Вот и сейчас девушка ощутила где-то в темечке признаки зарождающегося сыскного вдохновения. Она отодвинула облепивших её кошек и решительно спрыгнула с уютной «обломовки» (так они с мужем Вовкой называли обычный диван, на котором расслаблялись телом, душой и умом).
Наскоро пообедав, Ника сменила несуразный домашний наряд на более цивильный и направила стопы опять всё к тому же музею. Но на этот раз не для любования живописными шедеврами, а для отыскания зацепки, ведущей хоть к какой-то гипотезе — по минимуму, или для «взятия следа» — по максимуму.
На улице было гораздо теплее, чем в квартире — такое нередко случается осенью. Ника повторила вчерашний пеший маршрут. Она обожала длинные прогулки и до сих пор верила, что какая-нибудь дорожка приведет ее в тридевятое царство, полное садов с волшебными яблонями и коврами-самолетами…

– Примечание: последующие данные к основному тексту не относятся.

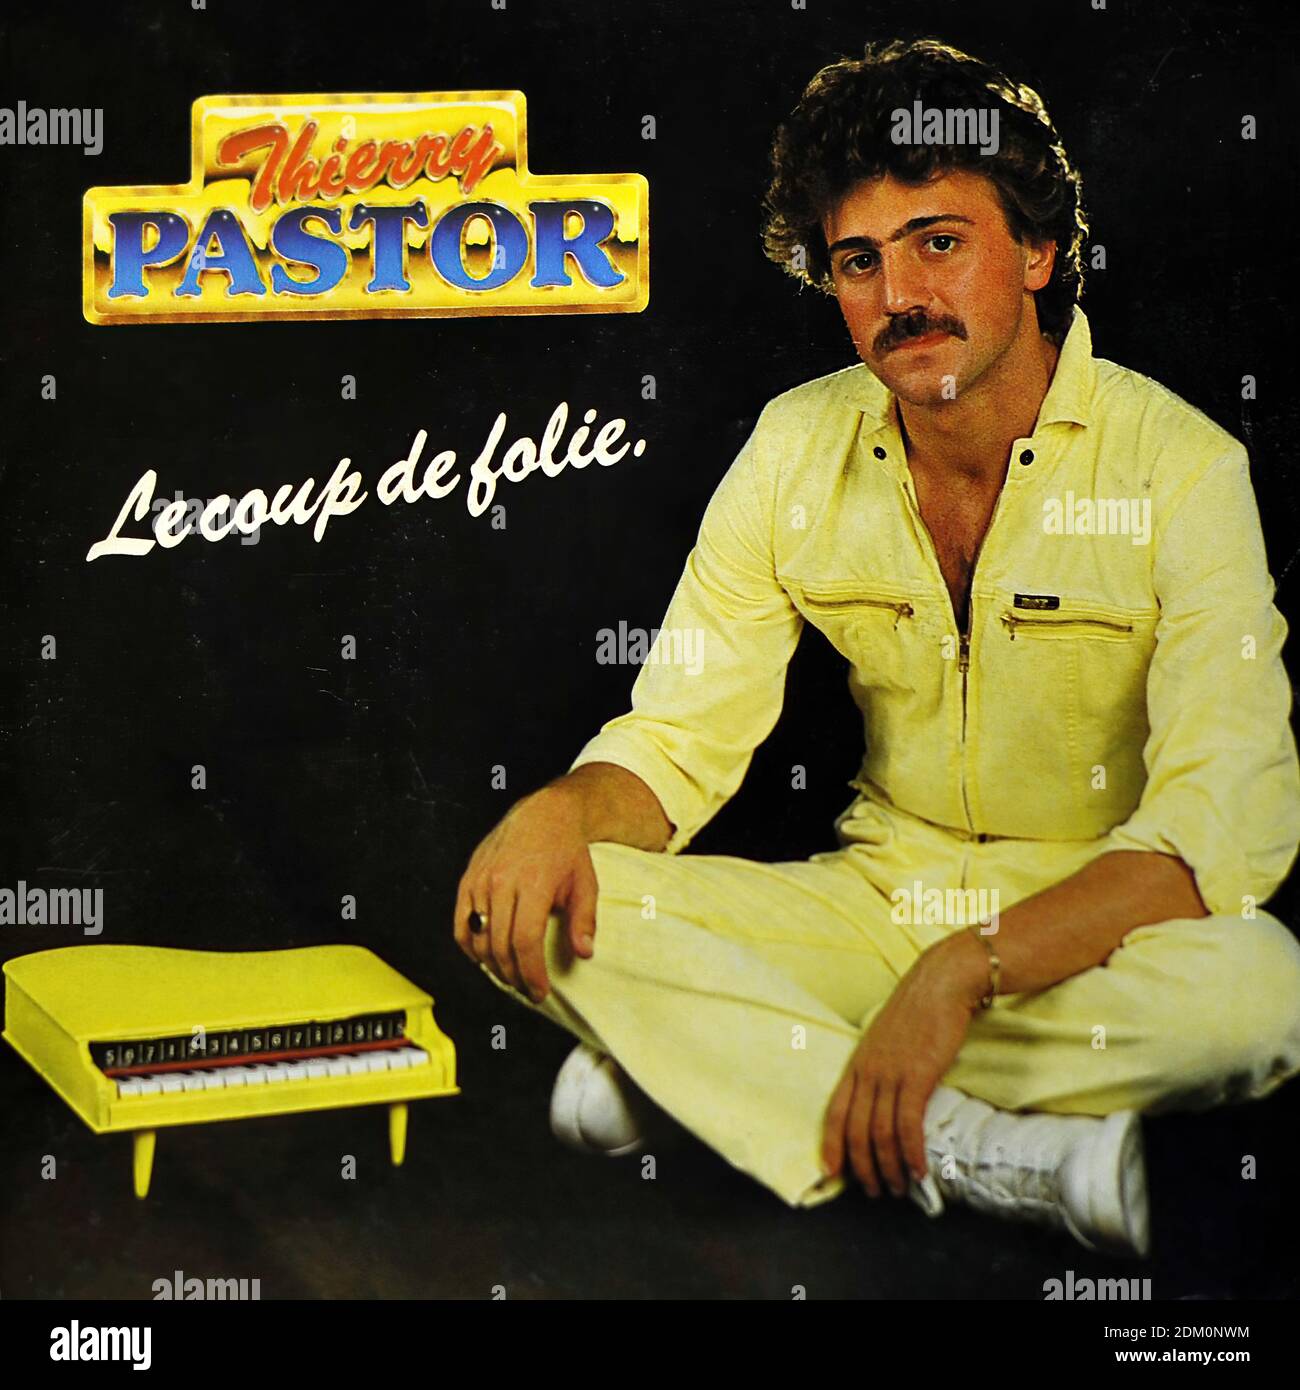 Thierry Pastor Le Coup de Folie 7 PS Single - Vintage Vinyl Record Cover  Stock Photo - Alamy

Сегодняшнее путешествие приятными сюрпризами не одарило. Сад на пути к музею по-прежнему был только один — Юсуповский. Но и он выглядел грустным и заметно полысевшим из-за наполовину облетевшей за ночь листвы.
Уже на пороге музея Ника переключилась с мечтательно-элегических настроений на деловой лад. Она прокрутила в уме рассказ Мармеладова о скончавшемся субъекте в тельняшке и почему-то вспомнила старый анекдот:
— Запомни, — поучает бабушка внучку, — у каждой женщины в жизни должна быть лишь одна большая любовь.
— А кто был твоей единственной любовью, бабуля?
— Моряки!
* * *
Внутри музея ничто не выдавало недавнего аврала. Посетители чинно делились друг с другом впечатлениями от высокого искусства, экскурсоводы привычно объясняли экскурсантам, чем хороша та или иная картина, а старушки-сиделки следили за тем, чтобы эти картины не лапали руками все кому не лень.
Раздеваясь в гардеробе, Ника старалась не созерцать себя в тамошних зеркалах. Их подсветка была настолько неудачной, что не только подчеркивала имевшиеся недостатки физиономии, но и предательски творила новые, хотя дурнушкой Нику никто и никогда не называл.
Возобновлять знакомство с выставкой Айвазовского было, по правде говоря, не очень-то приятно. Казалось, что над всем этим музейным залом кто-то цинично надругался — как и над неопознанным полураздетым мужчиной. А может, он самолично и вполне добровольно организовал зловеще-тошнотворную ночную мизансцену?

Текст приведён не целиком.